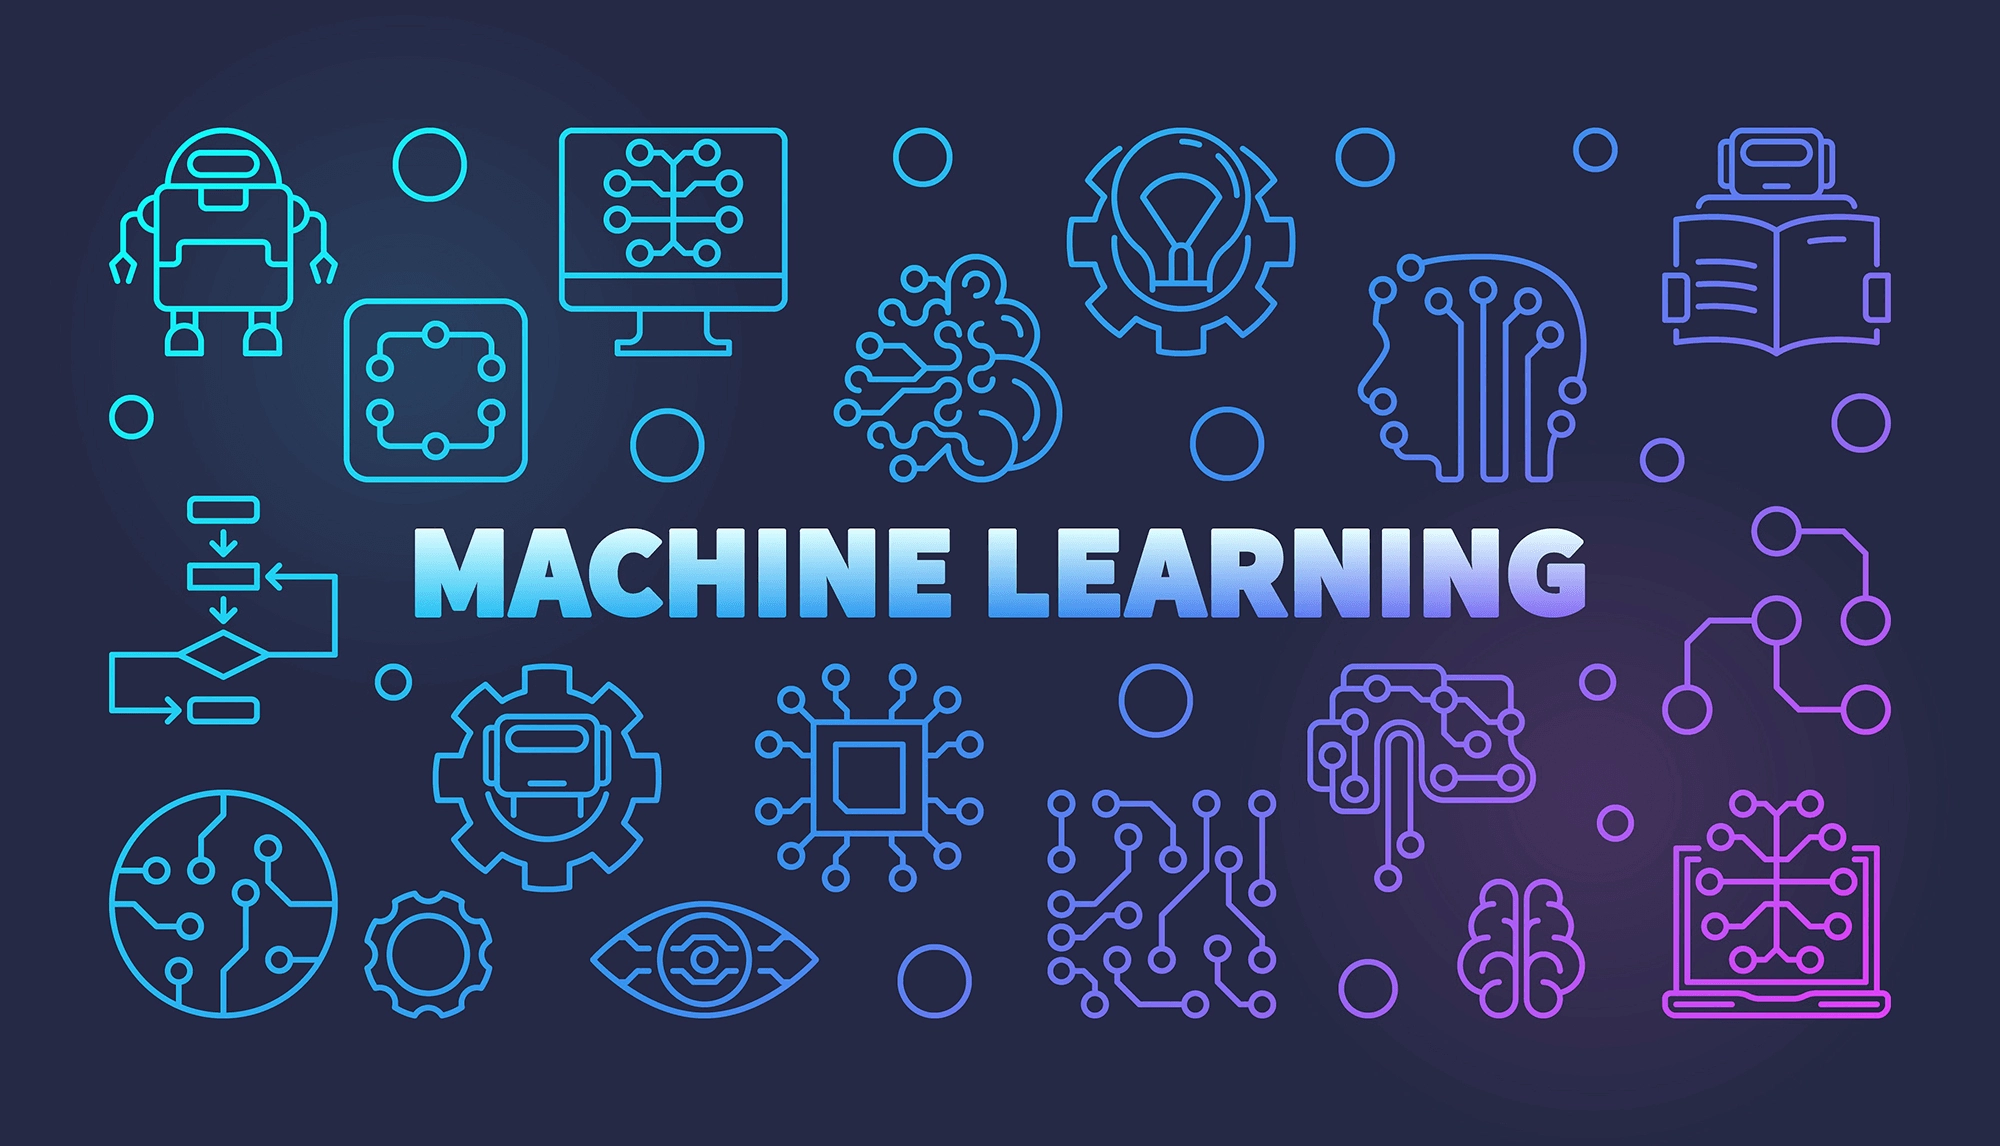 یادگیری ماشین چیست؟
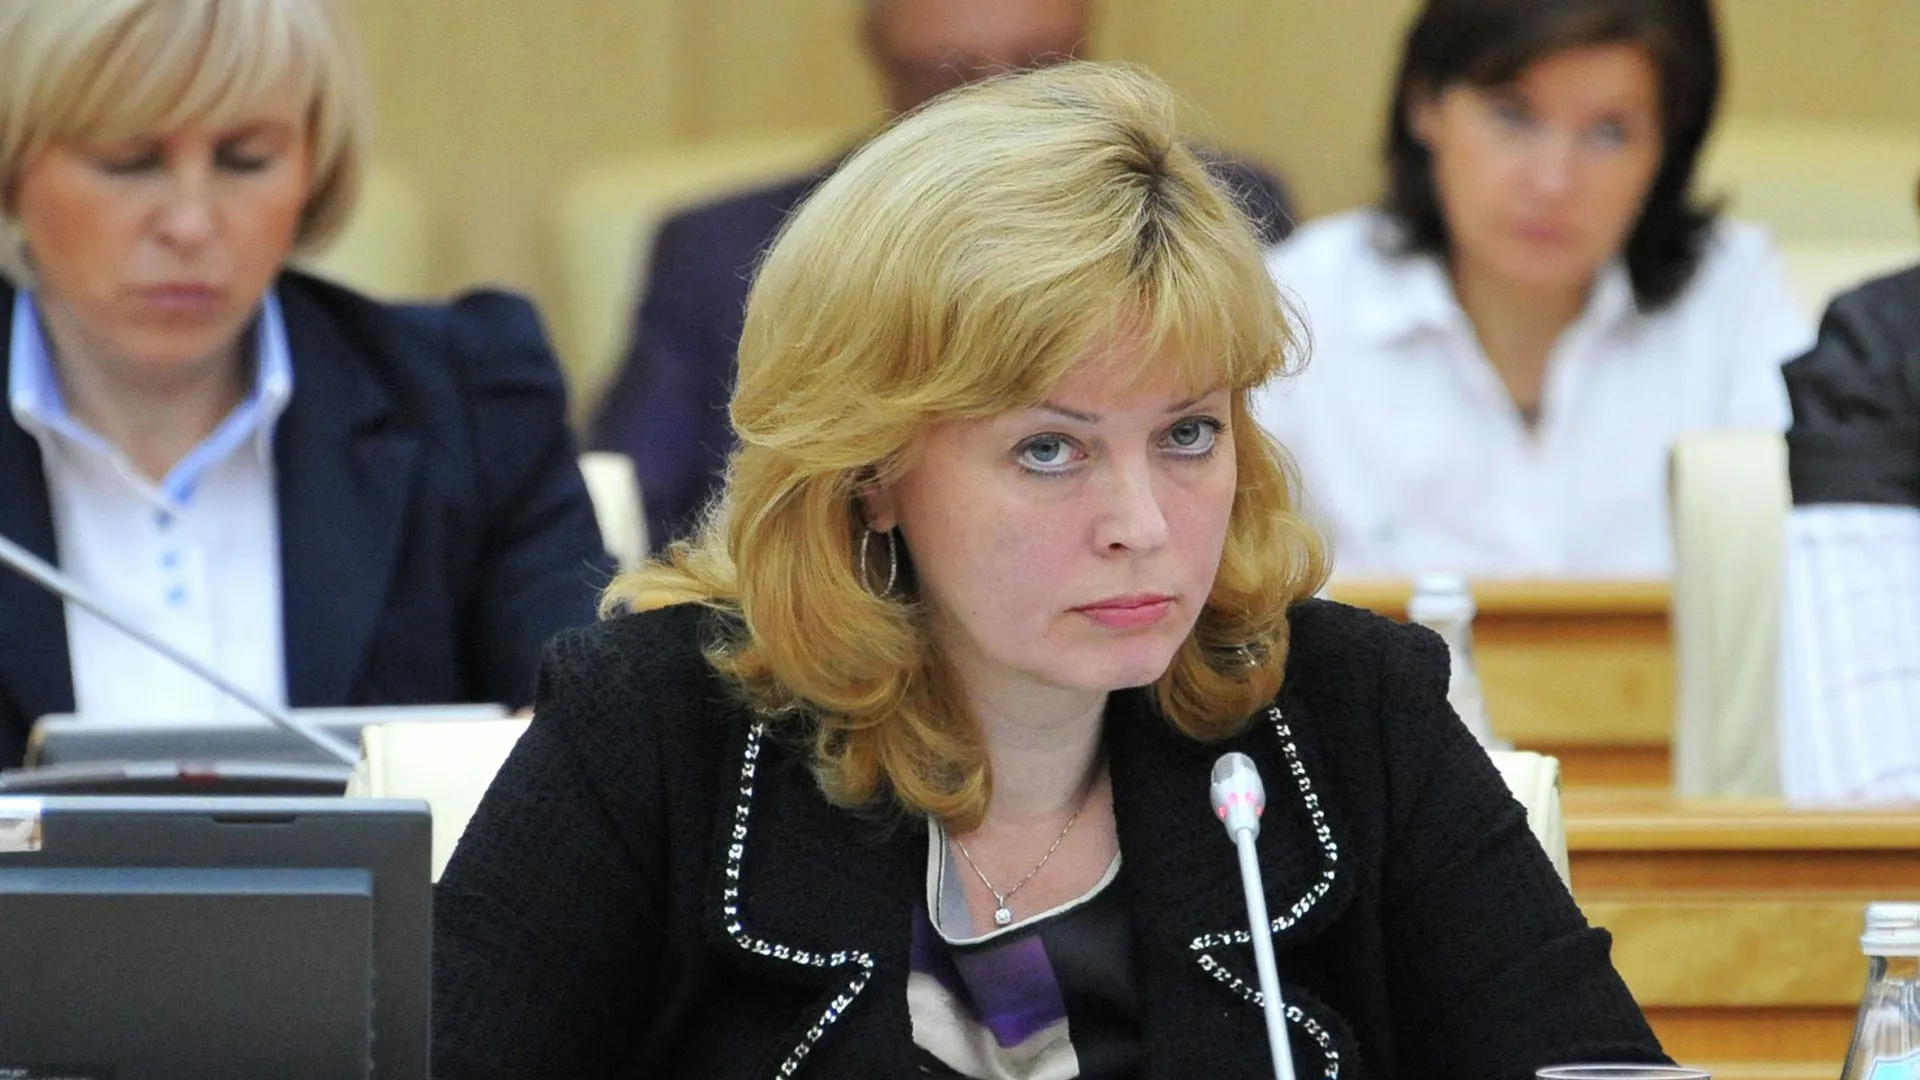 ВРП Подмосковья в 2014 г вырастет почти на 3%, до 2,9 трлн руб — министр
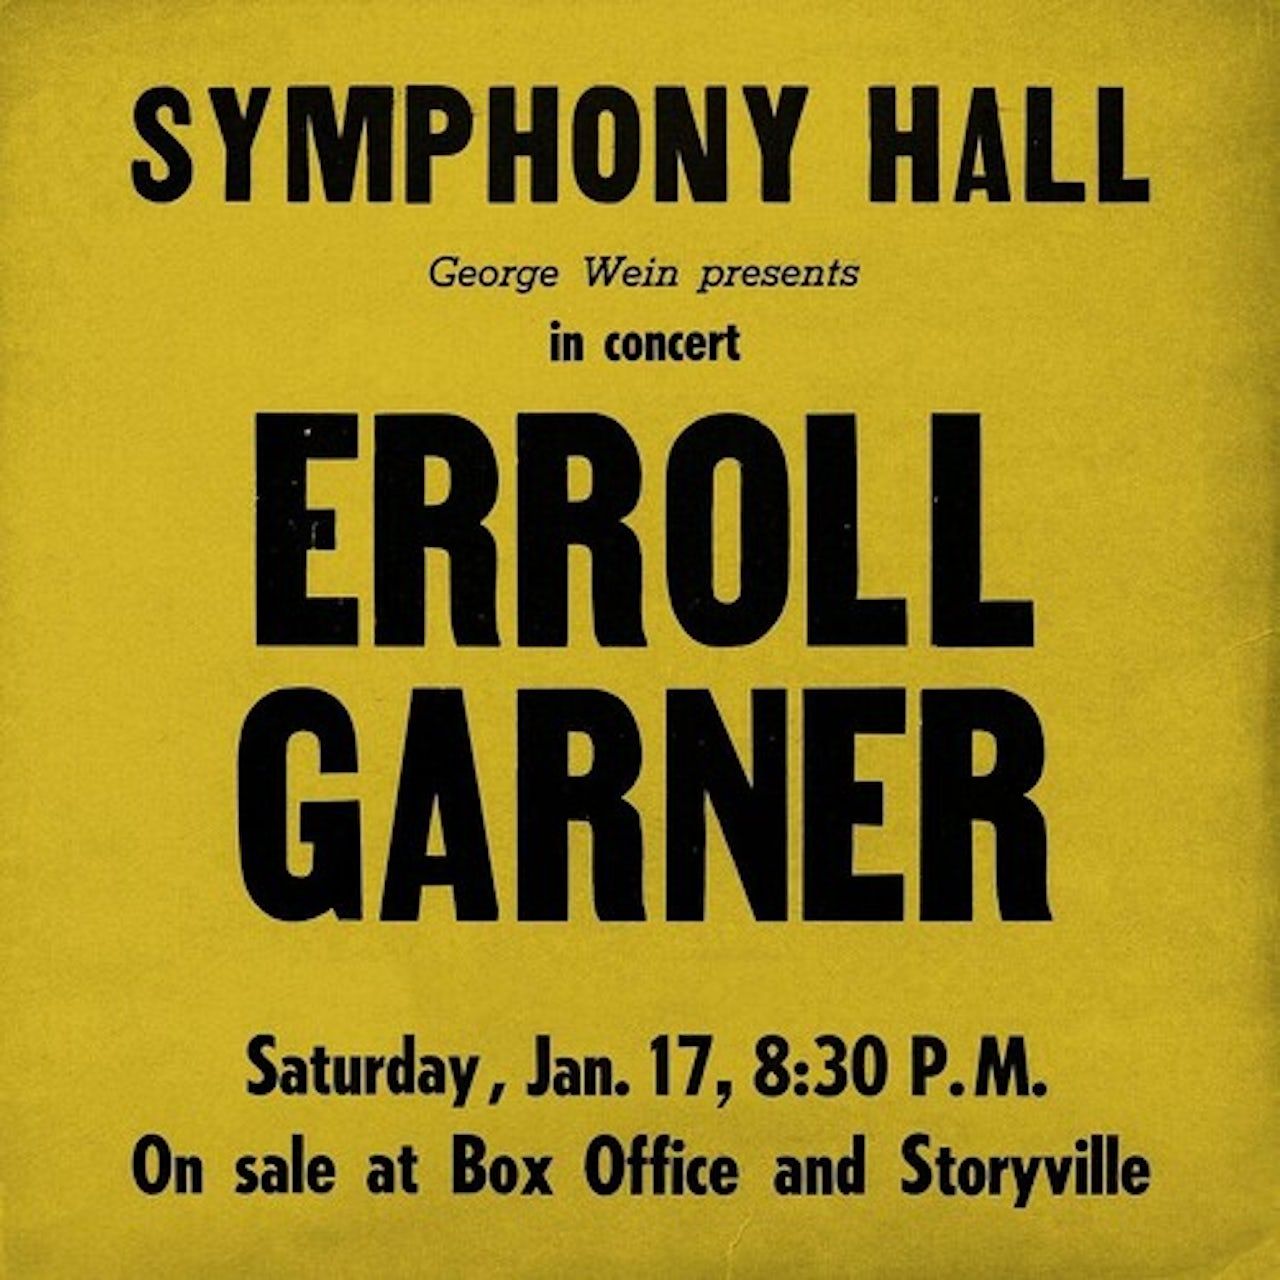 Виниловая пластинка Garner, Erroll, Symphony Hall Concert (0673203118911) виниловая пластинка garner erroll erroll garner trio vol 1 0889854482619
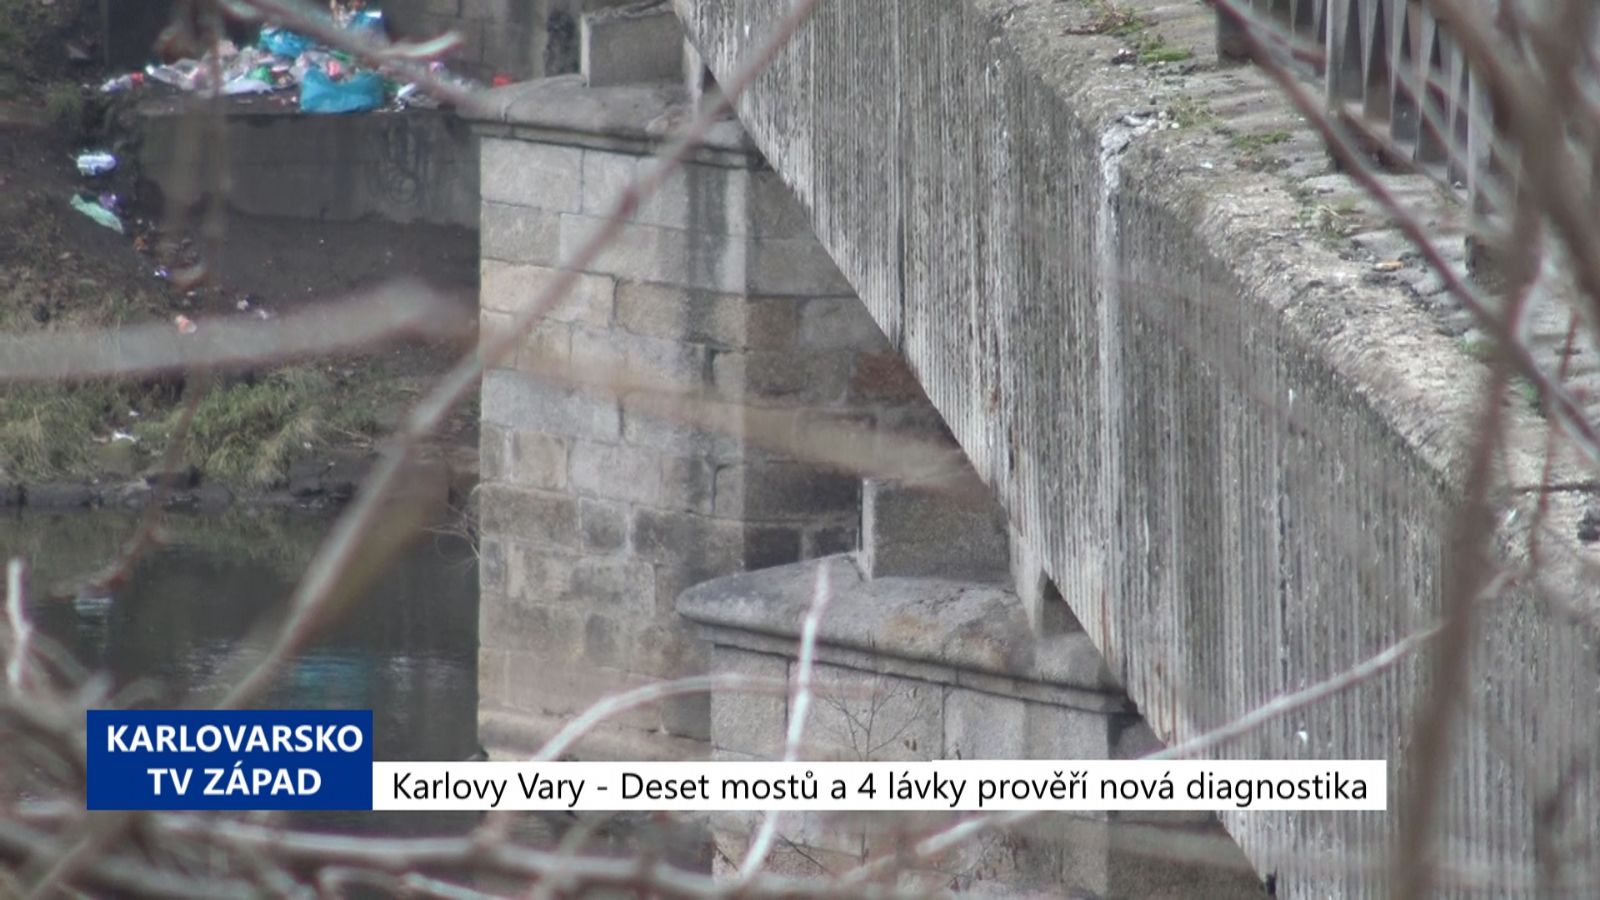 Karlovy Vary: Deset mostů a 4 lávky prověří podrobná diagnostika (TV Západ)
☆ ☆ ☆
EXERCISE DIRECTIONS ▸ Keeping both end lines, retype exactly the lines from the first line of the material through the line that contains "Виниловая пластинка Garner, Erroll, Symphony", but not the pictures.

WRITTEN RESPONSE ▸
 یادگیری ماشین چیست؟
 ВРП Подмосковья в 2014 г вырастет почти на 3%, до 2,9 трлн руб — министр
 Виниловая пластинка Garner, Erroll, Symphony Hall Concert (0673203118911) виниловая пластинка garner erroll erroll garner trio vol 1 0889854482619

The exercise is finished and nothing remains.